Kanter seems to believe that autonomous cars will be a regular thing by 2025 and basically a monopoly by 2030. He touches on the fact that millions will lose their jobs, in the insurance industry and virtually every other industry automotive related. He even goes on to say that massive companies like GM, and Toyota won’t survive the autonomous car because they require large sales figures across a massive lineup to survive. However, companies like Uber will grow and prosper dramatically with the autonomous takeover.
He’s definitely right about Uber. With fleets of autonomous electric cars roaming cities, like New York, Uber would run every cab company out of business and provide a simpler and more efficient means of transportation throughout cramped cities. Doing so would be beneficial to customers and city natives as well, as the streets would be less crowded and noisy.
He’s also right about the commercial automotive industry. Semis, construction vehicles, buses and all other public transportation can, and probably will, be dominated by autonomous vehicles. If semis can drive themselves, imagine how efficient the shipping industry would be. Trucks could drive farther without stopping and having to sleep or eat. The entire shipping industry would benefit greatly from autonomous vehicles.

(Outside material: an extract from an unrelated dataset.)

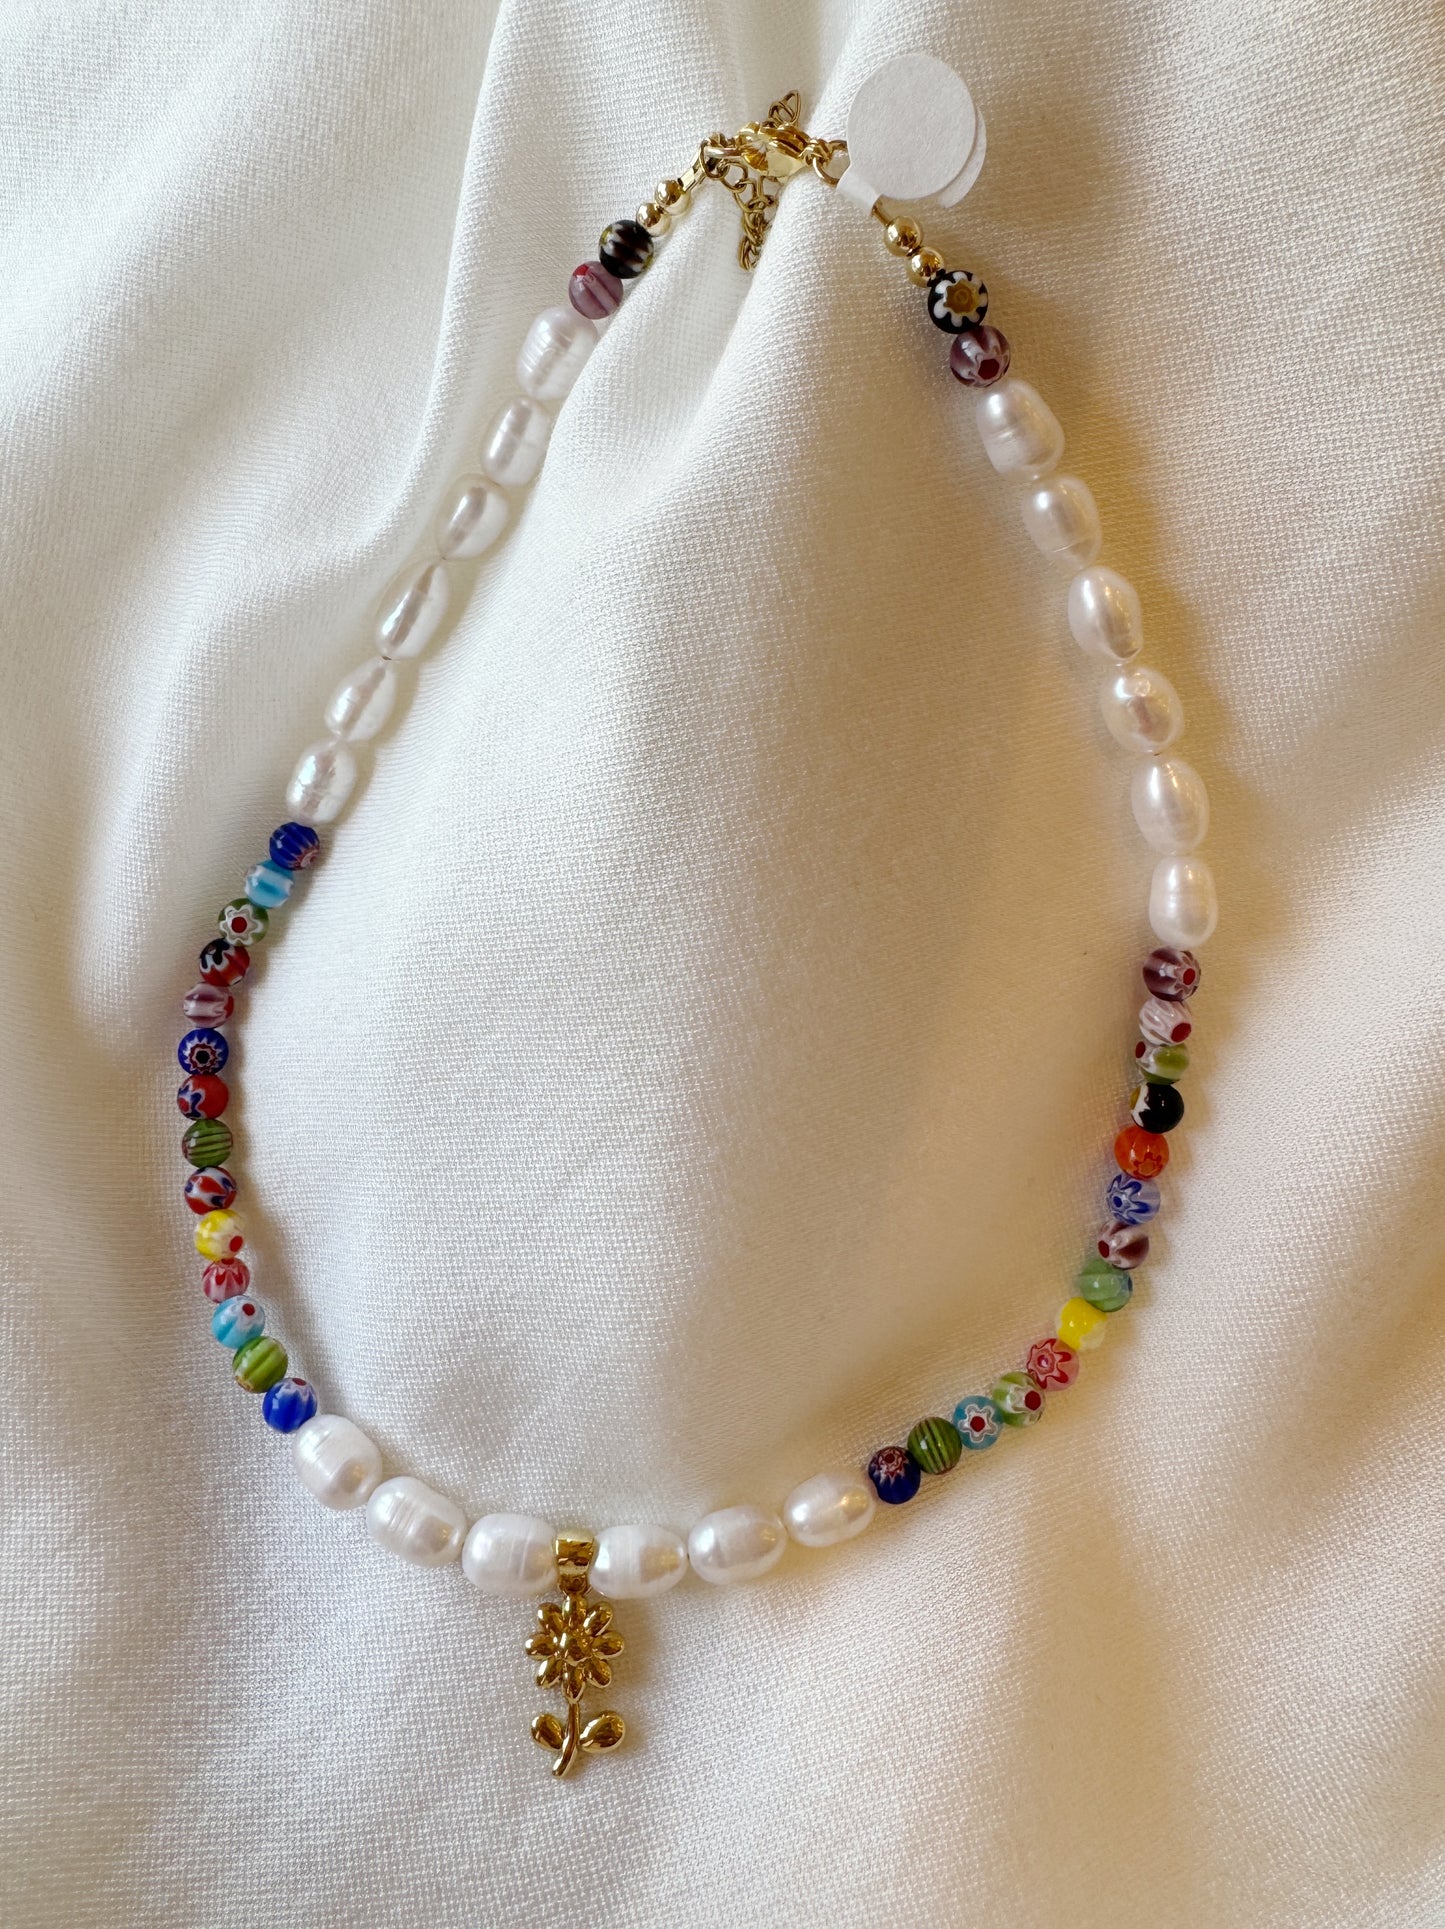 Pearl + Beads Choker No. 2 by Marisol
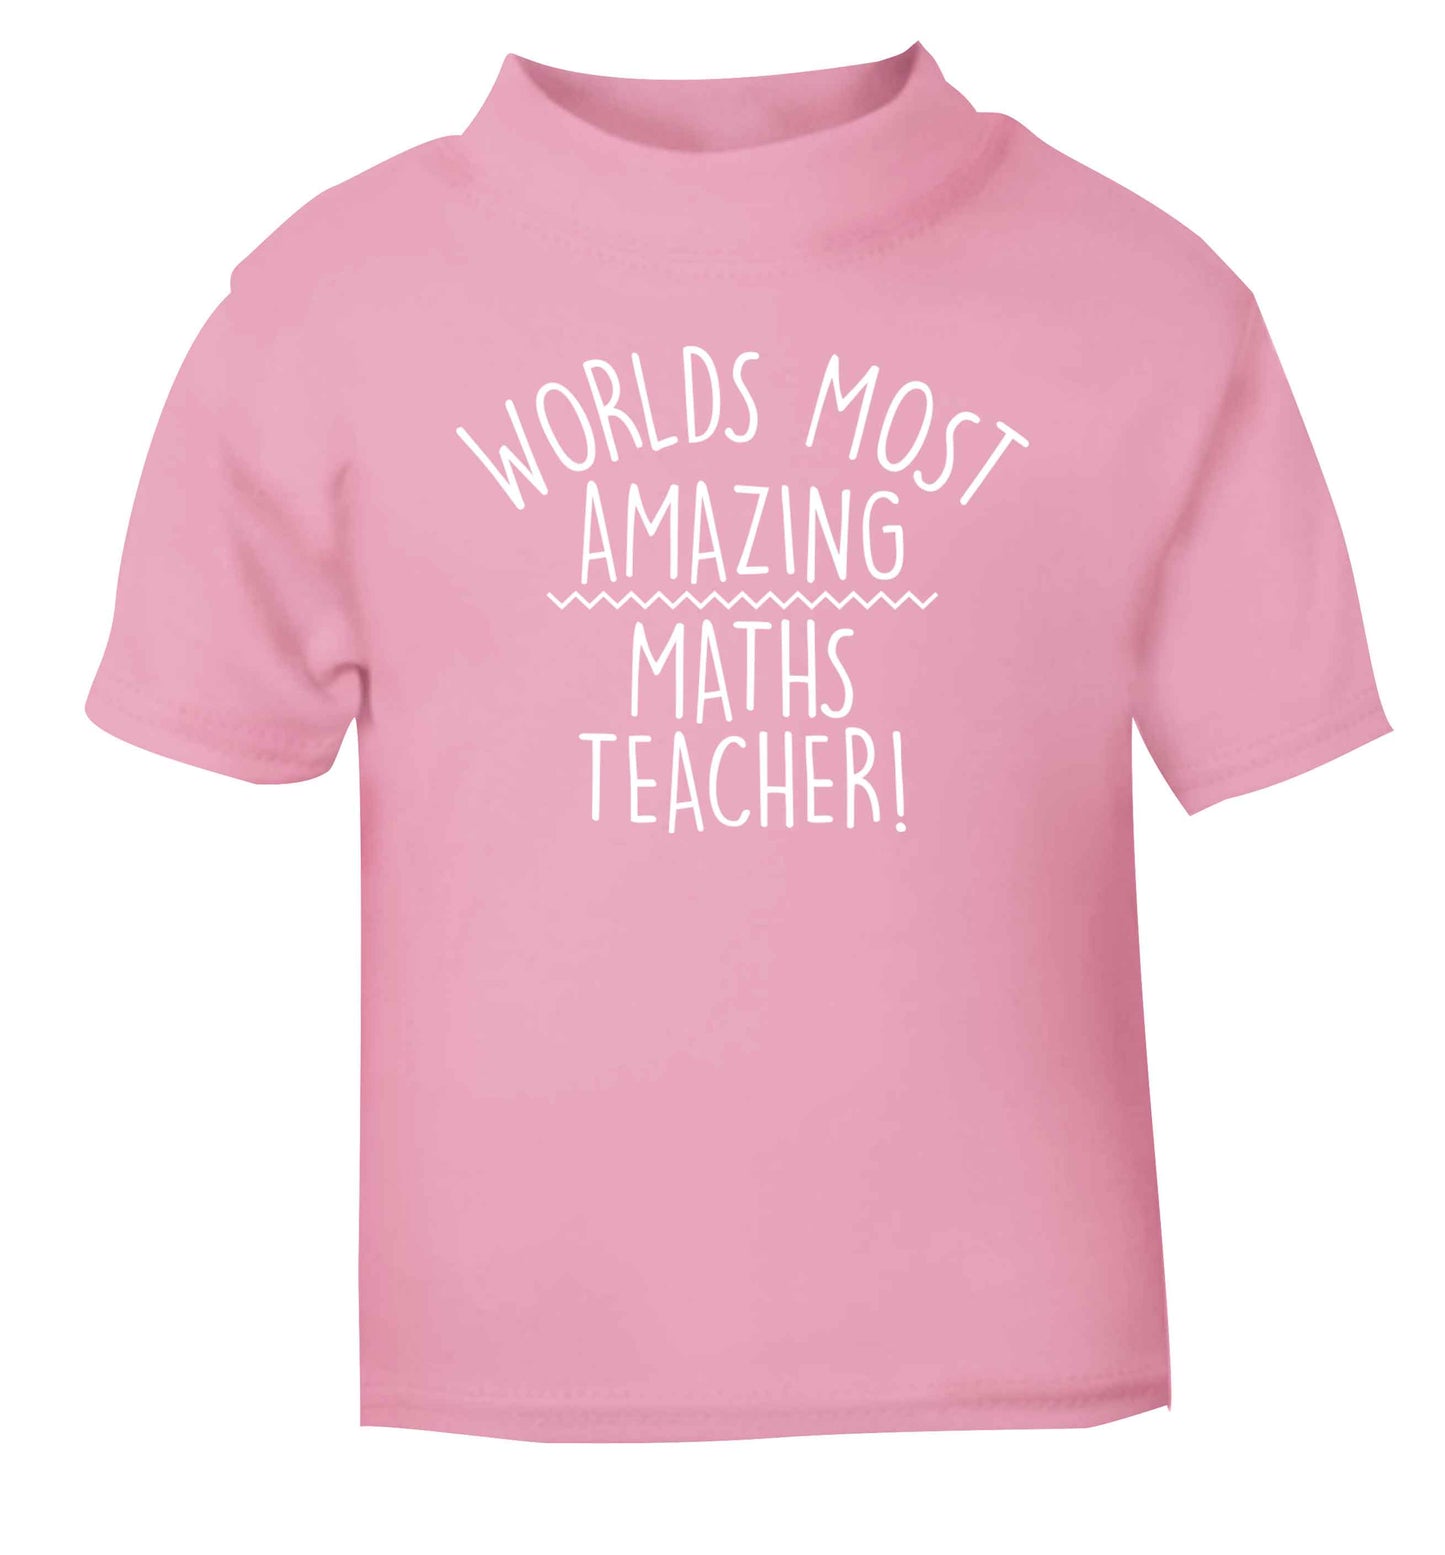 Worlds most amazing maths teacher light pink baby toddler Tshirt 2 Years

However, my disagreement with Kanter is with the insurance companies failing as well as car companies like GM and Toyota.
Auto insurance companies will not go by the wayside with the introduction of the autonomous vehicle. Someone needs to be liable if an autonomous vehicle malfunctions and hurts someone. If you own an autonomous vehicle that kills someone, it’s not just going to end in “whoopsie, my car did it, not me.”
A large problem with the autonomous vehicle is decision making. I’m not so sure if there will ever be a time when 100 percent of all vehicles on the road will be driverless. Even so, though, there will be drivers on the road along side these autonomous cars in the interim. And people are unpredictable and regardless of how good the software is on these driverless cars, moments will happen where a person makes a move the autonomous car isn’t prepared or programmed for and accidents will happen. It’s inevitable. And insurance companies will be needed to sort out the mess, so they absolutely will not go away.
I also disagree with companies like GM and Toyota failing because of such technology. It’s not as if all of the auto companies won’t have a horse in that race. Every car company is going to have their own version of autonomous cars. It’s not as if one company will make these self-driving vehicles and run GM into the ground. Every automaker will have different autonomous cars at different price ranges with different equipment options. That won’t change. These are the companies who are making the strides into driverless technology to begin with. Tesla is doing it, Toyota is doing it and even BMW proved it could be done by having an i3 valet park itself in a parking garage at CES 2015. These are the companies spearheading the technology, they won’t be going anywhere.
And frankly, I don’t want them too. I dread the day when every vehicle is a driverless, electric beanpod that takes people to work and back with zero interaction. I’d rather walk, at least I could interact with my legs that way. Only non-car people would want such a future.
Maybe it’s because he just got suspended, but I’ve been quoting Clarkson a lot lately, and he has a quote that suits this argument perfectly. “People like you or I know, we have an unshakable belief that cars are living entities. You can develop a relationship with a car. And that’s just what non-car people don’t get,” says Kanter. Autonomous cars would ruin the very industry we hold so dear for the fact that it will rid it of the interaction we love.
The day of autonomous cars is very close, indeed, Kanter is right about that. But that they will replace all vehicles, both consumer and commercial, is a future that I refuse to accept.